Environmentally friendly process design for furan-based long-chain diester production aiming for bio-based lubricants

Abstract

Increasing environmental issues and depletion of fossil resources highlight the need to develop sustainable lubricant production technologies. This study endeavored to produce various biomass-derived furan diesters and evaluate their physical properties against conventional lubricants. Among the synthesized furan diesters, the THFDM-C18 diester, produced via the esterification of THFDM and oleic acid, was identified as a promising candidate for base oils due to its broad applicability as well as environmentally benign properties. Based on our experimental results, which include the hydrogenation of HMF to 2,5-tetrahydrofuran dimethanol (THFDM) using Ru/Al2O3 (achieving a 95.6% yield of THFDM) and subsequent esterification with C18-fatty acids to produce the THFDM-C18 diester using Amberlyst-15 (achieving a 91.0% yield of the THFDM-C18 diester), a simulation model was developed, which showed 62 metric tons per day of the THFDM-C18 diester.
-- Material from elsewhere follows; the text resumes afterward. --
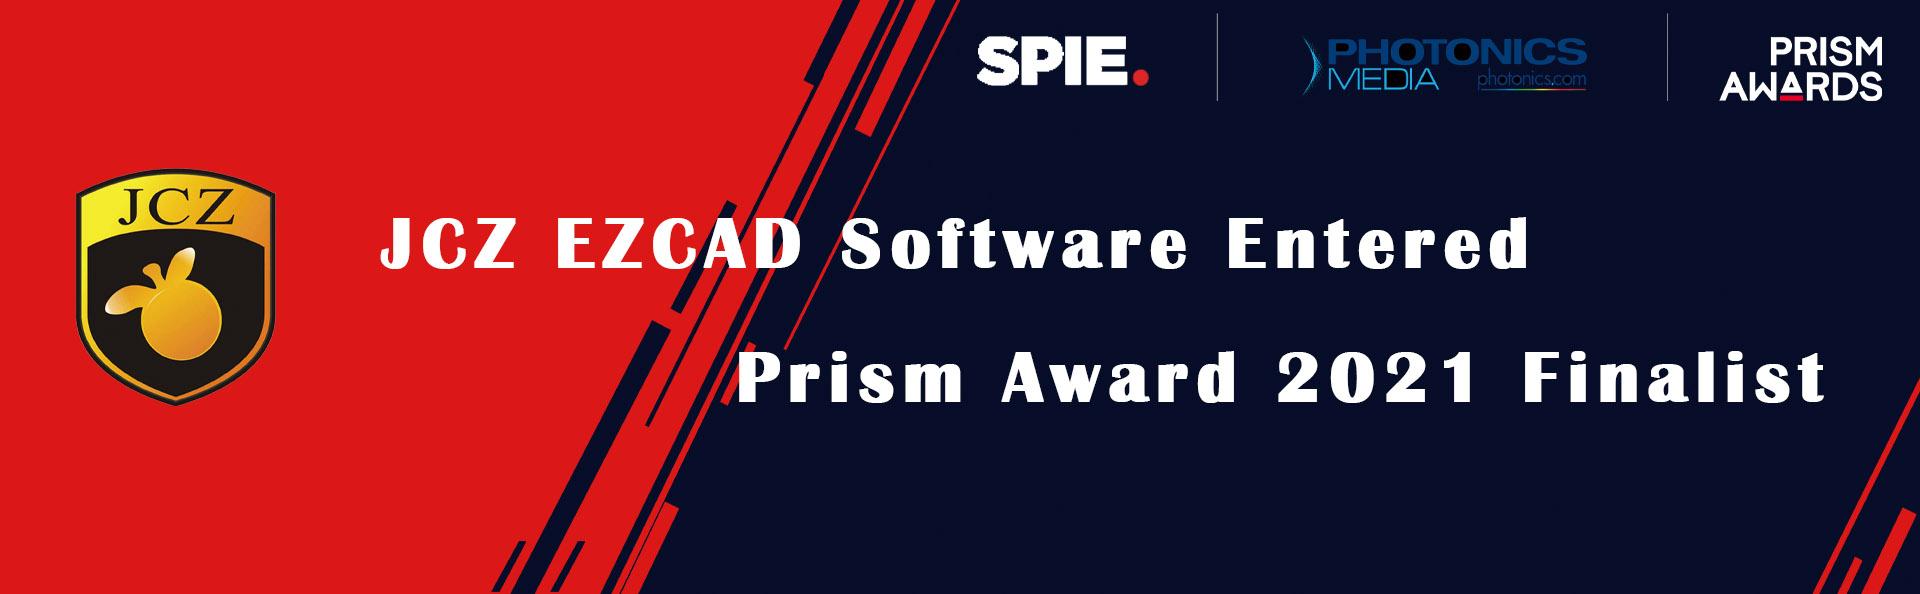 Prism Award 2021 Finalist

Life cycle assessment (LCA) results indicated that this process reduces CO2 emissions by 35.0% compared to fossil fuel-based synthetic lubricant production (9.84 vs. 15.15 kg CO2 eq.). The techno-economic analysis (TEA) revealed a minimum selling price (MSP) of 4.92 USD per kg, with MEG and oleic acid prices being the major cost factors. These findings highlight the potential of biomass-derived lubricants as sustainable alternatives to conventional petroleum-based products and emphasize the importance of further research to enhance process efficiency and reduce costs.